Орни была ошарашена такими признаниями.
— А ваш ребенок? Вы о нем подумали? Каково ему?
— Он слишком мал. Ему нет дела до переживаний. Молоко кормилицы, сухие пеленки и теплая колыбель — вот все, в чем он нуждается.
Орни замотала головой:
— Нет-нет, как же вы не понимаете. Дети так остро все чувствуют. Ведь теперь рядом с ним нет ни одного близкого, родного человека. Подумайте, взгляните на это так: у него умерла мать, а отец бросил его!
Фредерика дернуло, по лицу пробежала судорога.
— Не смей так говорить! — прошипел он.
— Но это так!
— Нет!
— Да!
— Нет!!!
— Но я это вижу ТАК!
Он только зарычал в ответ.
— Вы бросили своего сына! — выкрикнула Орни. — Разве это правильно?! Вы всю жизнь судите других, а сами что вытворили?!!
— Не смей мне выговаривать!
— А что, вы в праведники записались?!
Фредерик подскочил со своего места:
— Замолчи! Да кто ты такая?!
— Может, и никто, — тоже встав, ответила девушка. — Да, никто, но я бы никогда не поступила так, как Судья Королевского дома, как король!
— О! — С таким возгласом крайнего возмущения Фредерик кинулся к своей лошади, взлетел в седло.

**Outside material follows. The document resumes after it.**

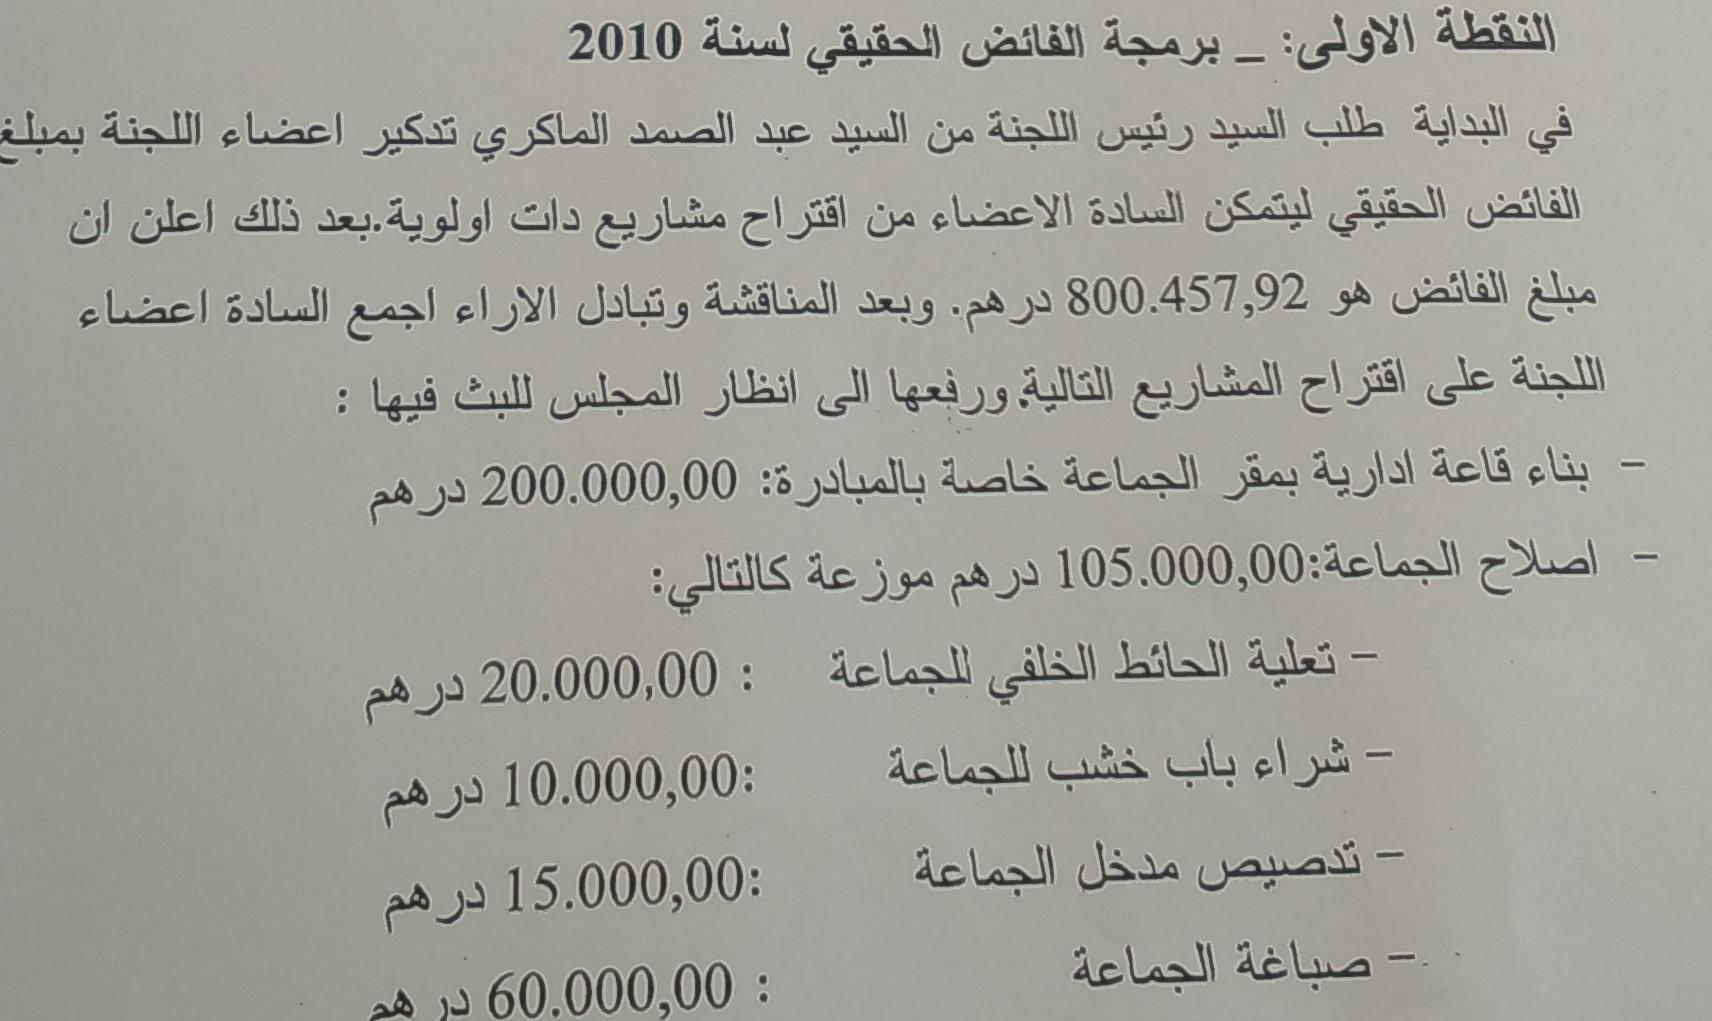 وثائق إثباث بمقال خاص بجماعة تمكروت

Его лицо было перекошено от ярости, глаза горели.
— Видеть вас всех не могу! — бросил он это Орни и как раз подошедшим Элиасу и Линару, стегнул Мышку и быстрей вихря понесся куда глаза глядят.
Парни в полной ошарашенности выронили собранный хворост.
— Что ты ему наговорила?! — набросился на Орни Линар.
— То, что считала нужным!
— Ты дура непроходимая! Он уже несколько месяцев как труп ходит, вот только сейчас немного ожил! И что теперь?! Ты представляешь, что он сейчас может сделать?!
— Что?! Ну что?! Вернуться домой! Вот что ему нужно сделать!
— Молчи лучше! — зашипел доктор, потом взревел. — Элиас! Его надо догнать! — и кинулся ловить своего коня...
Мышке, похоже, передалось одержимое настроение Фредерика: и он несся со страшной скоростью по бездорожью, дико вскидывая головой. Перелетел через овраг, поваленные деревья, сиганул меж елей, заскользил копытами по песчаной косе, что вывела к речному берегу, и остановился только тогда, когда уже по брюхо оказался в этой самой речке — Фредерик сам натянул поводья, потому что октябрьская вода наполнила его сапоги неприятным отрезвляющим холодом.
— Вот черт! — Все, что вставало у него на пути, всегда его раздражало; тем более — сейчас. — Вперед, Мальчик, вперед! Такой ручеек грех не переплыть!